Die ganzen Tempel, Schreine, Statuen usw. waren wundervoll!!
Ich bin zwar auch einigermaßen rumgekommen, aber da wir immer 6Tage/Woche gearbeitet haben, deswegen blieb meistens nur der Sonntag zum besichtigen.
(Vielleicht war sie/er auch am Sonntag nicht da. Aber ich bin froh, dass ich das Gefangenelager noch gesehen habe (auch wenn es objektiv gesehen eigentlich relativ unspektakulär war).)
Ein Großteil meiner Zeit hab ich in Shimonoseki verbracht (und von da aus dann Sonntags immer bzw. meistens los)...
Hiroshima war natürlich ein Highlight. Besonders einmal (war 2x dort) war Golden Week Sonntag und es war "Flower Festival" (wussten wir vorher nicht) und es war super toll!
Oder Akiyoshi-do/Akiyoshi-dai waren auch wunderschön.
*Fernweh hab* (oder gefühlt eher Heimweh).
*seufz*
P.S.: Darf man fragen wie du drauf gekommen bist, nach Japan zu ziehen?
P.P.S.: Ich hätte noch einige Fragen mehr (auch oder besonders bezüglich japanisch lernen). Ists ok dir ne Mail zu schicken?

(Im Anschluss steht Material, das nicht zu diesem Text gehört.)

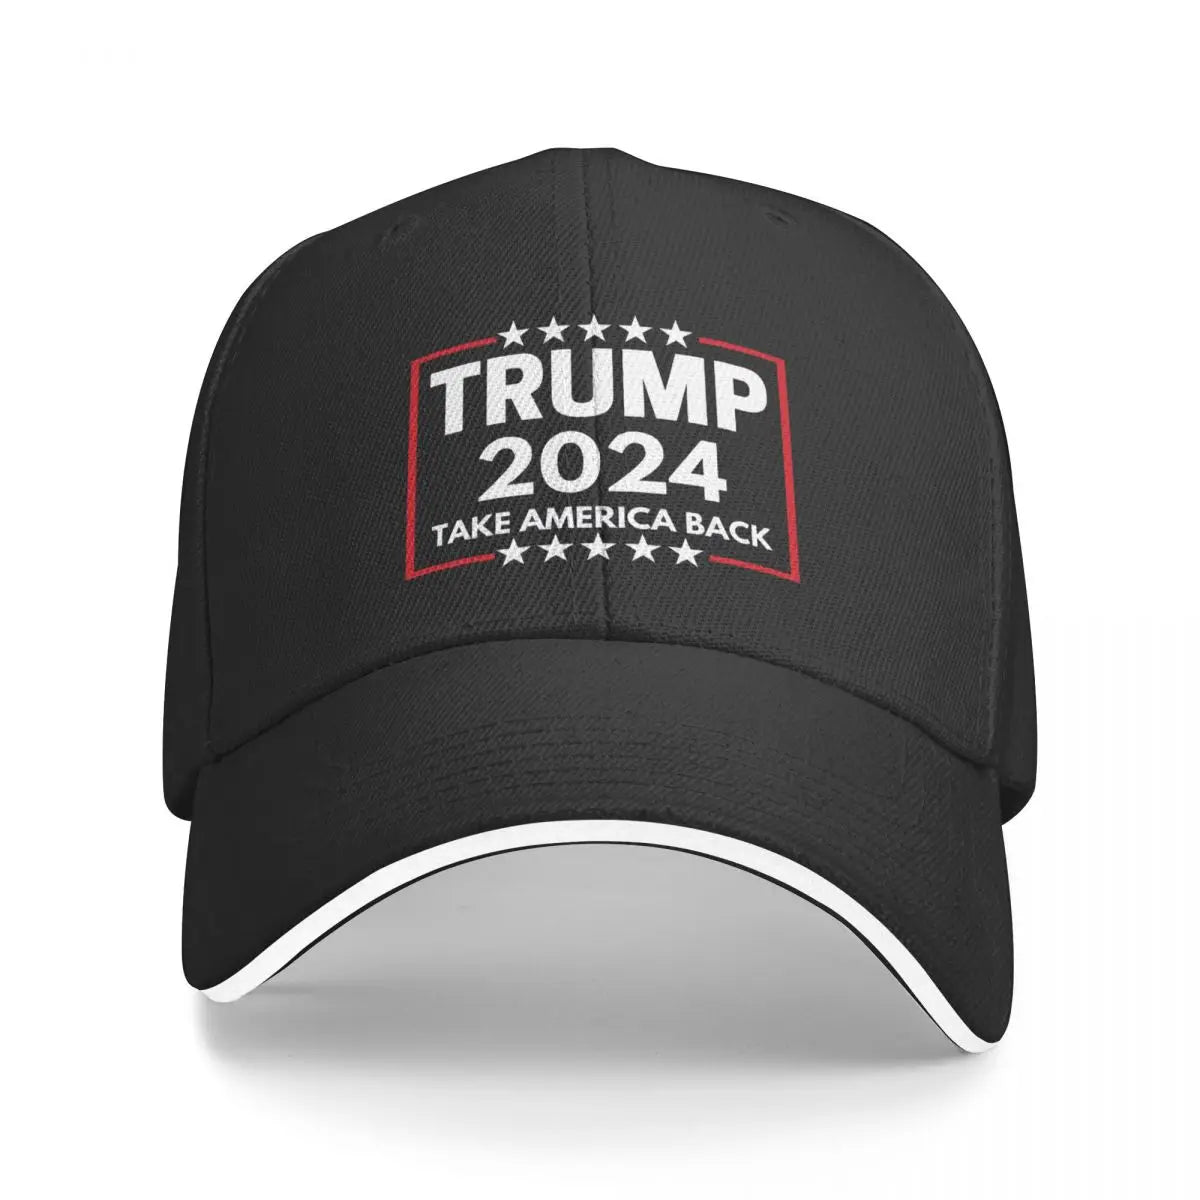 Trump 2024 Baseball Cap - Take America Back

Um das Gefangenenlager aktiv zu sehen, guck Dir den Film "Ode an die Freude" an. Für diesen Film wurde das Gefangenenlager überhaupt gebaut. Schreib mir ruhig eine PM.

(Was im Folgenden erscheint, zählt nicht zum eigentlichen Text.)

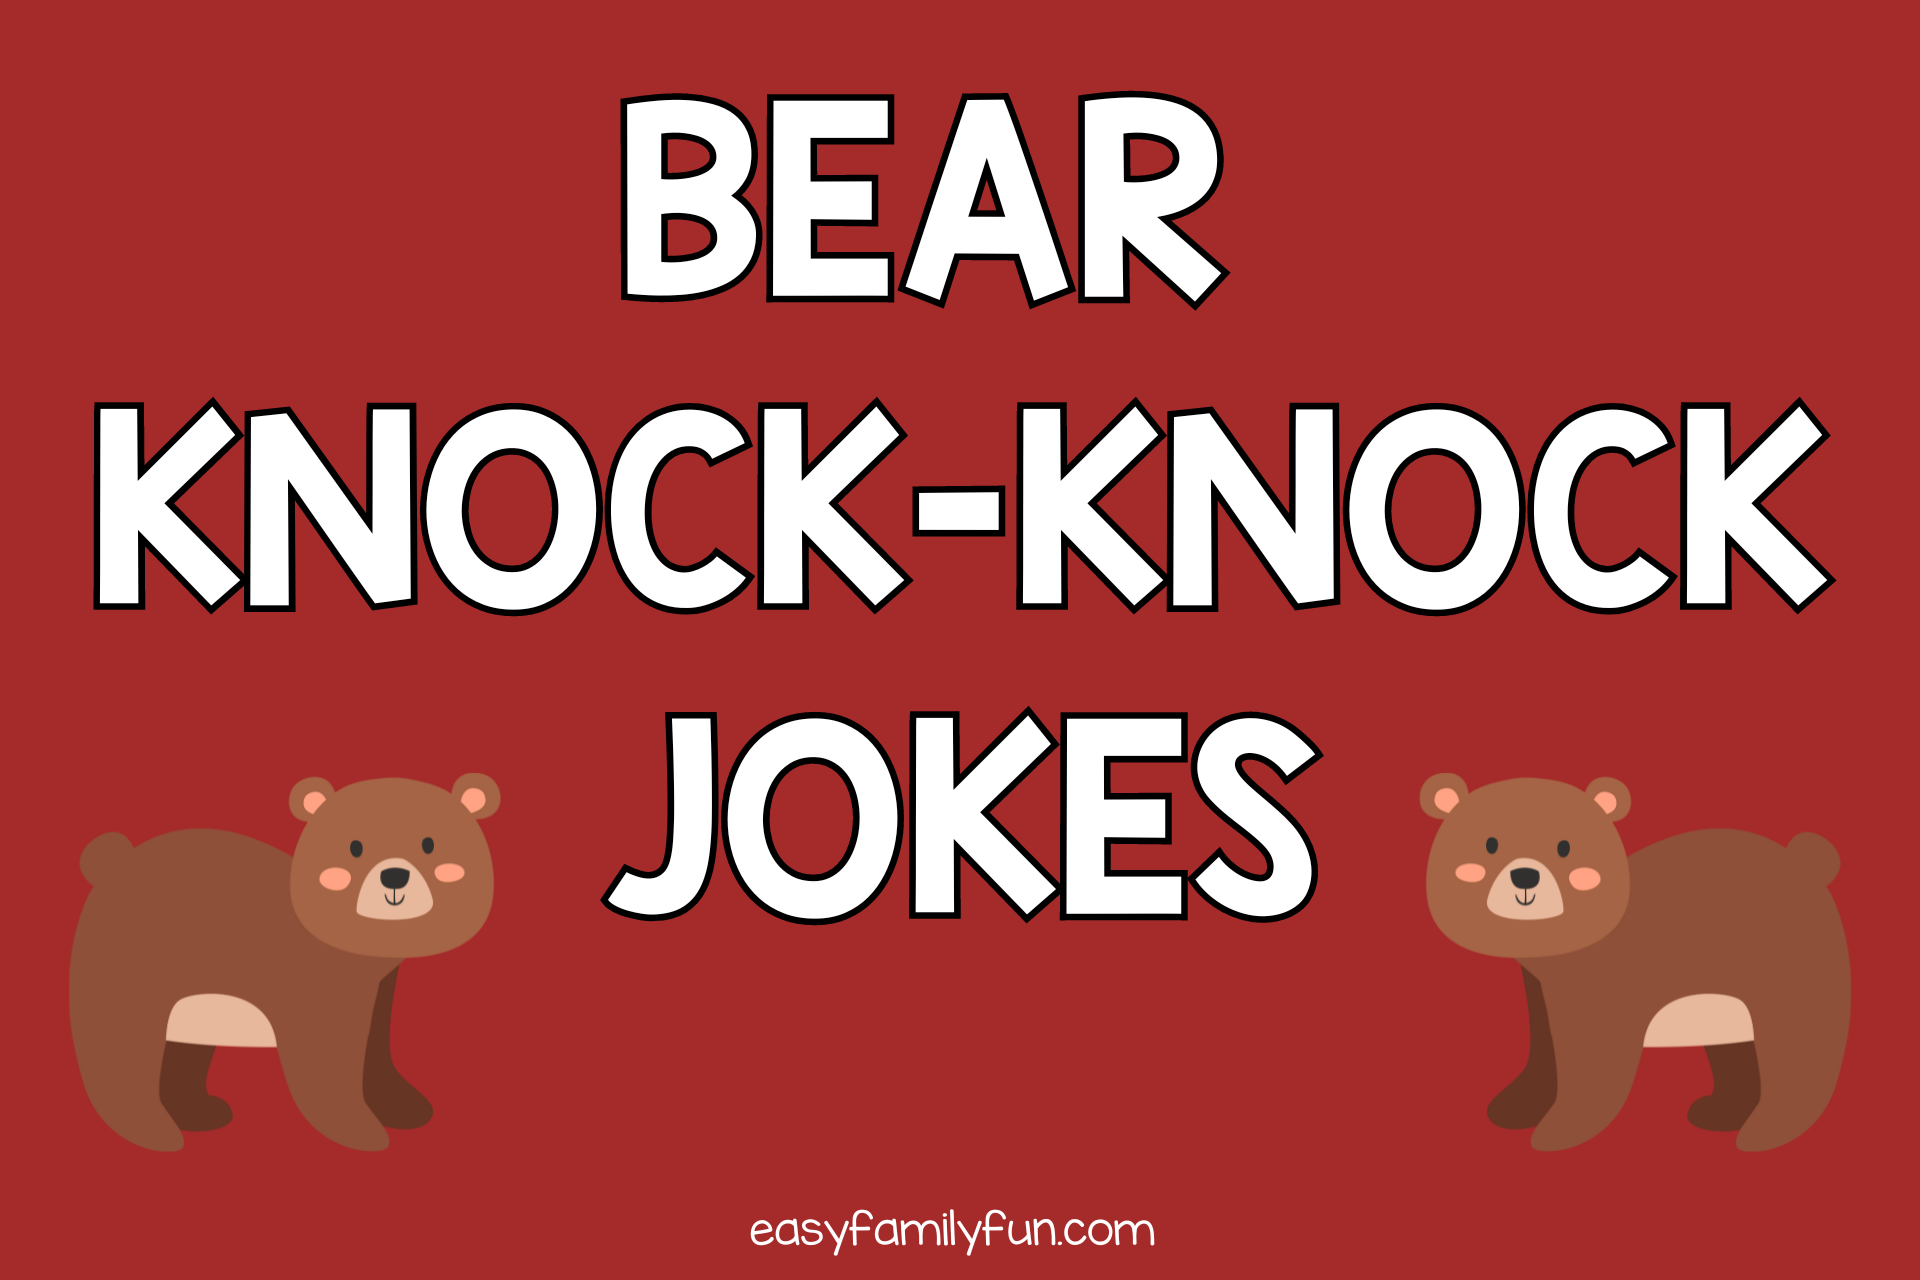 Bear knock knock jokes

Den Film hab ich mir sogar gekauft. Allerdings die japanische Version, weil es den auf deutsch nicht auf DVD zu geben scheint...
Leider ist die japanische Version ohne deutsche Sprache (oder Untertitel).
Fand ihn trotzdem ganz ansehnlich (wenngleich er sich mangels Verständnis doch so manche Male etwas gezogen hat).
P.S.: PM kommt ;)
xD hätt ich garnich gedacht das bei denen das alles so kitschig aussieht.. aber ich will dahin!